** Exercise **
Write every line below out again exactly, images omitted.

Data segment section start

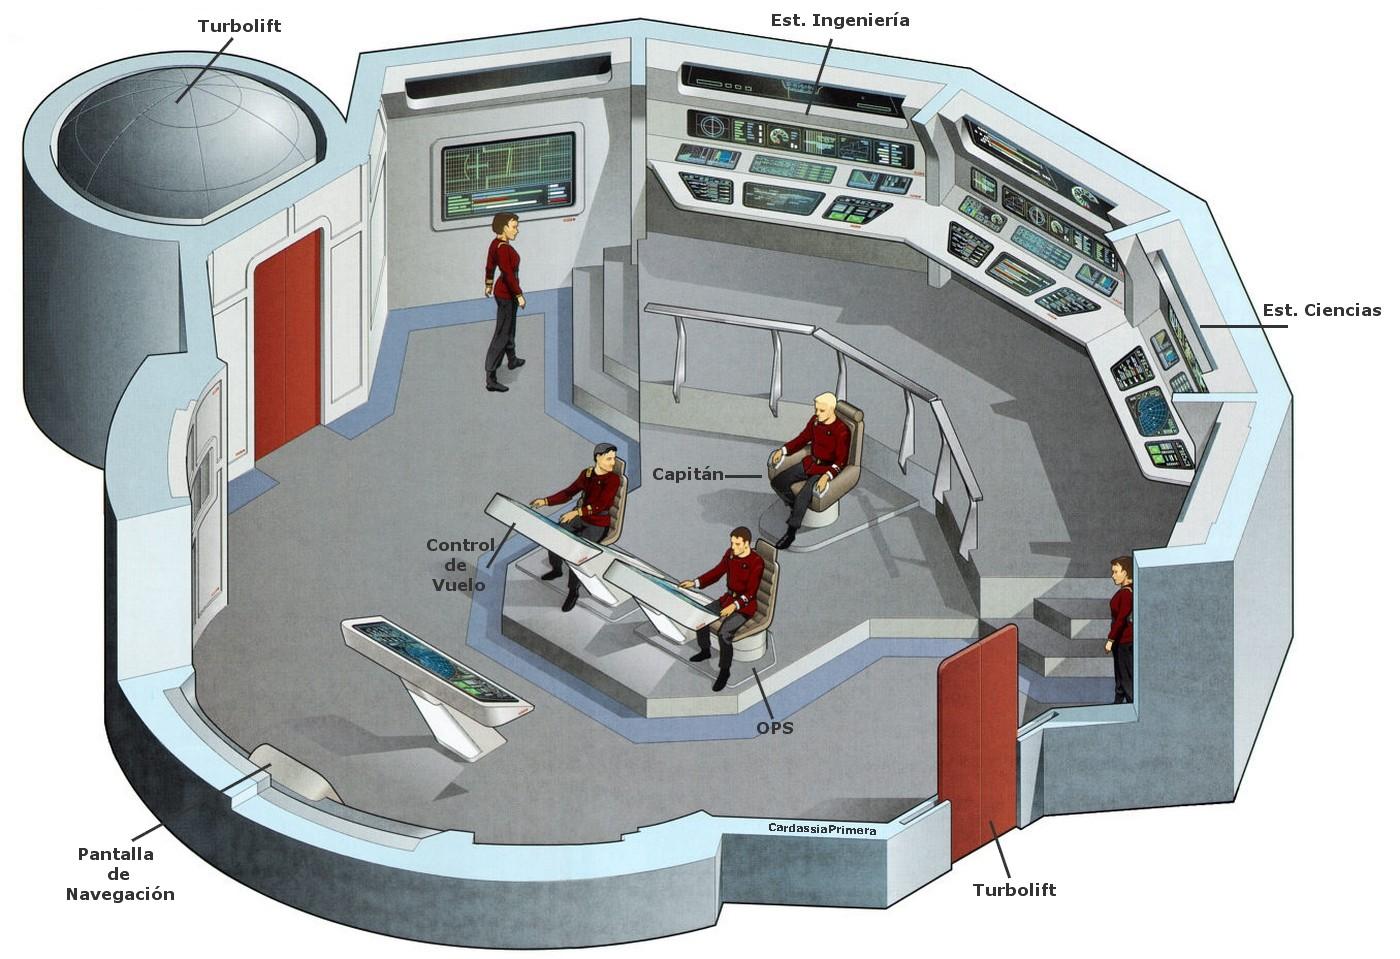 star trek starships bridges interiors schematics blueprints. Black Bedroom Furniture Sets. Home Design Ideas
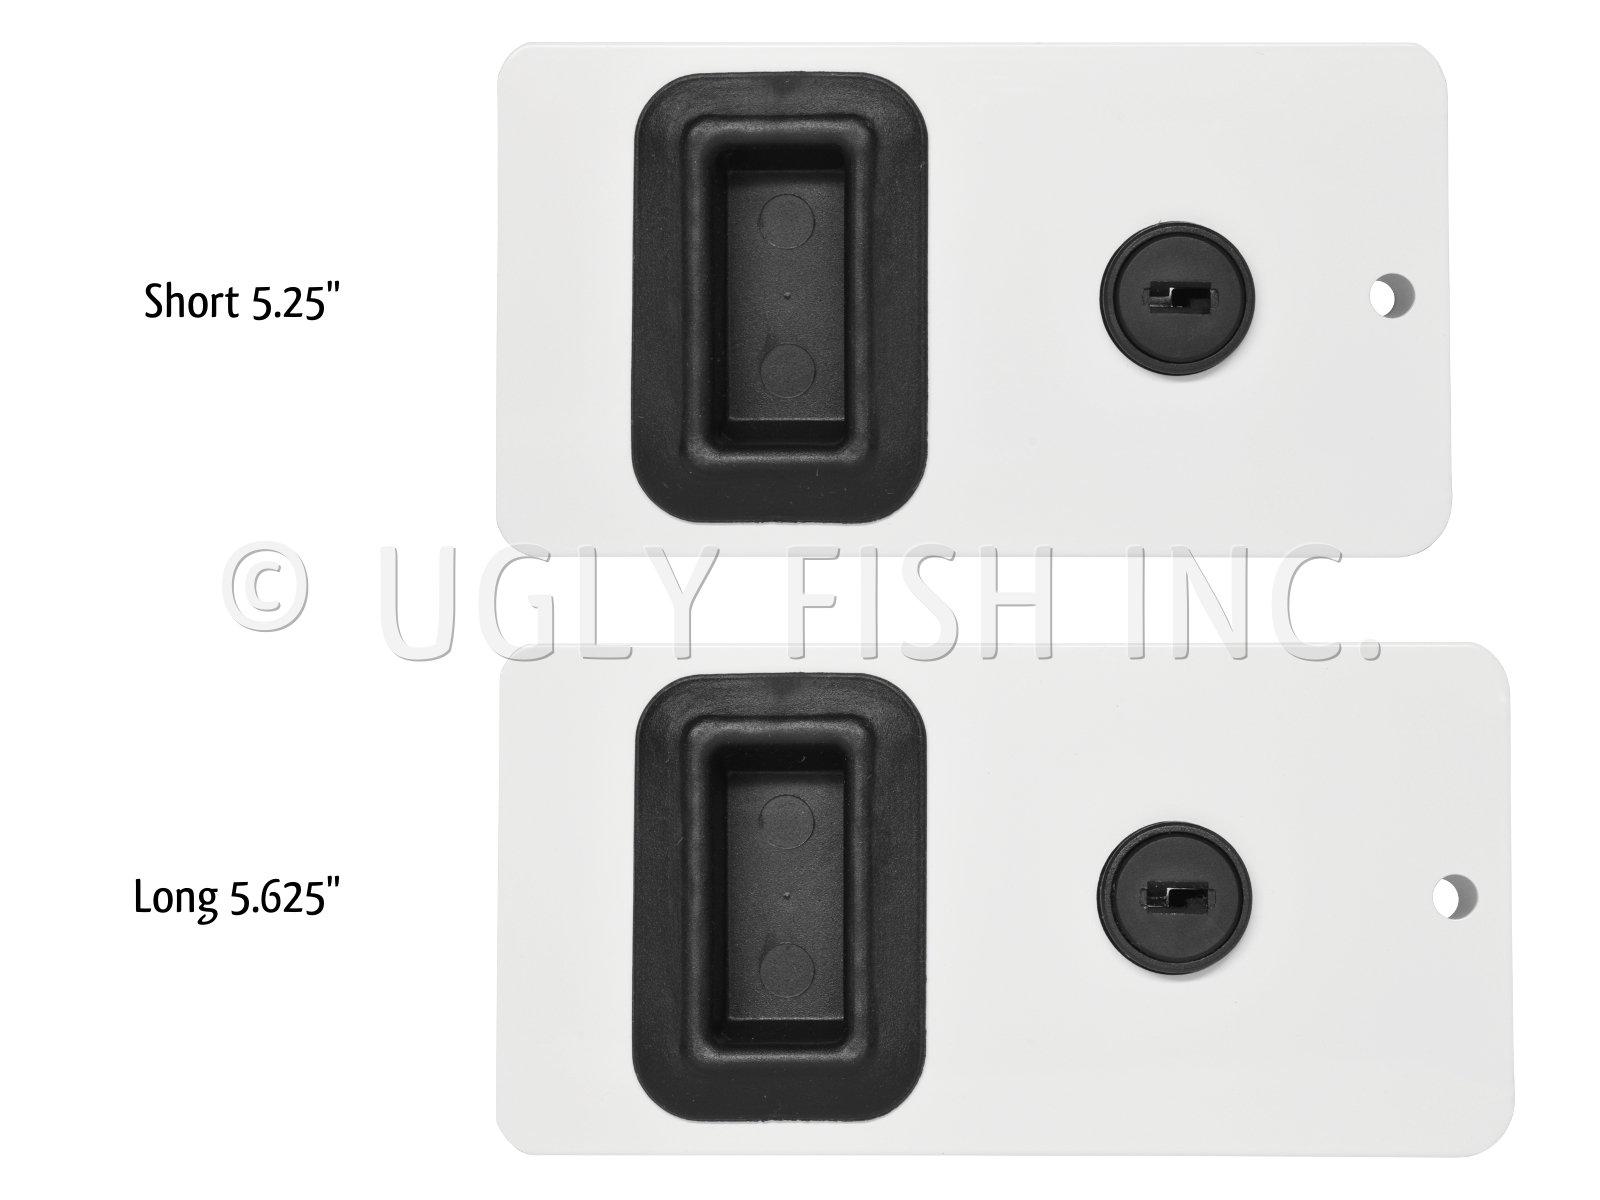 NEW SOUTHCO BOAT BLACK SEALED SLIDING CABIN ENTRY DOOR LATCH LOCK MF-02-110-50
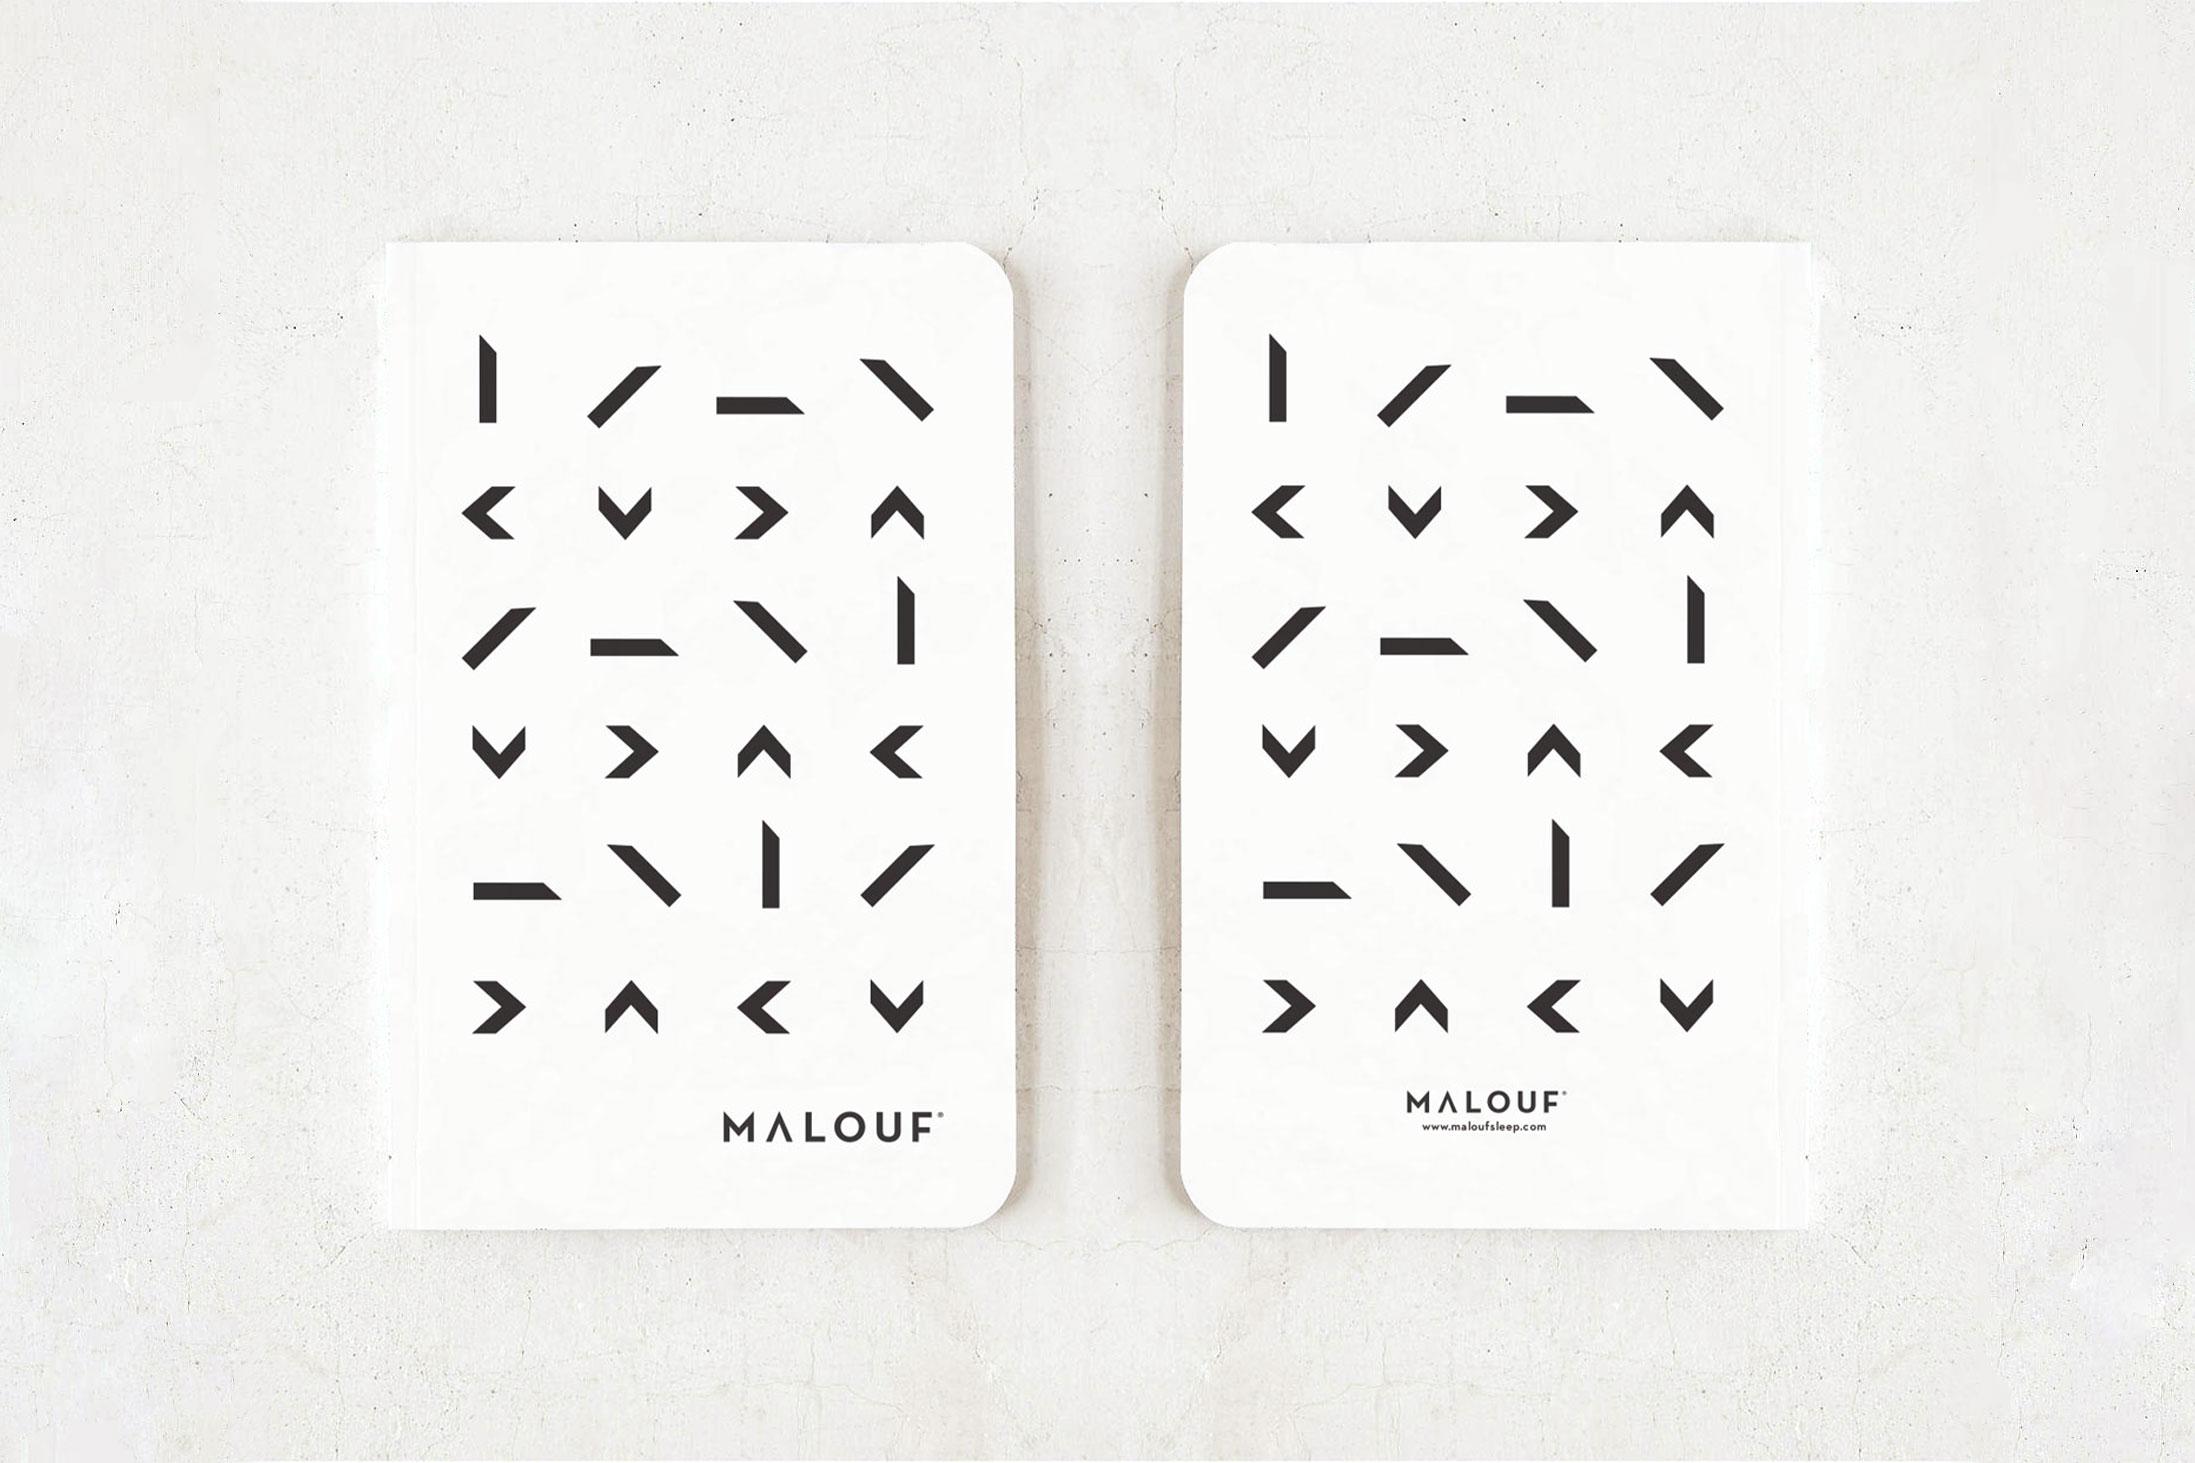 MALOUF_Notebooks_Option3.jpg

Data segment section end

** Solved exercise **
 star trek starships bridges interiors schematics blueprints. Black Bedroom Furniture Sets. Home Design Ideas
 NEW SOUTHCO BOAT BLACK SEALED SLIDING CABIN ENTRY DOOR LATCH LOCK MF-02-110-50
 MALOUF_Notebooks_Option3.jpg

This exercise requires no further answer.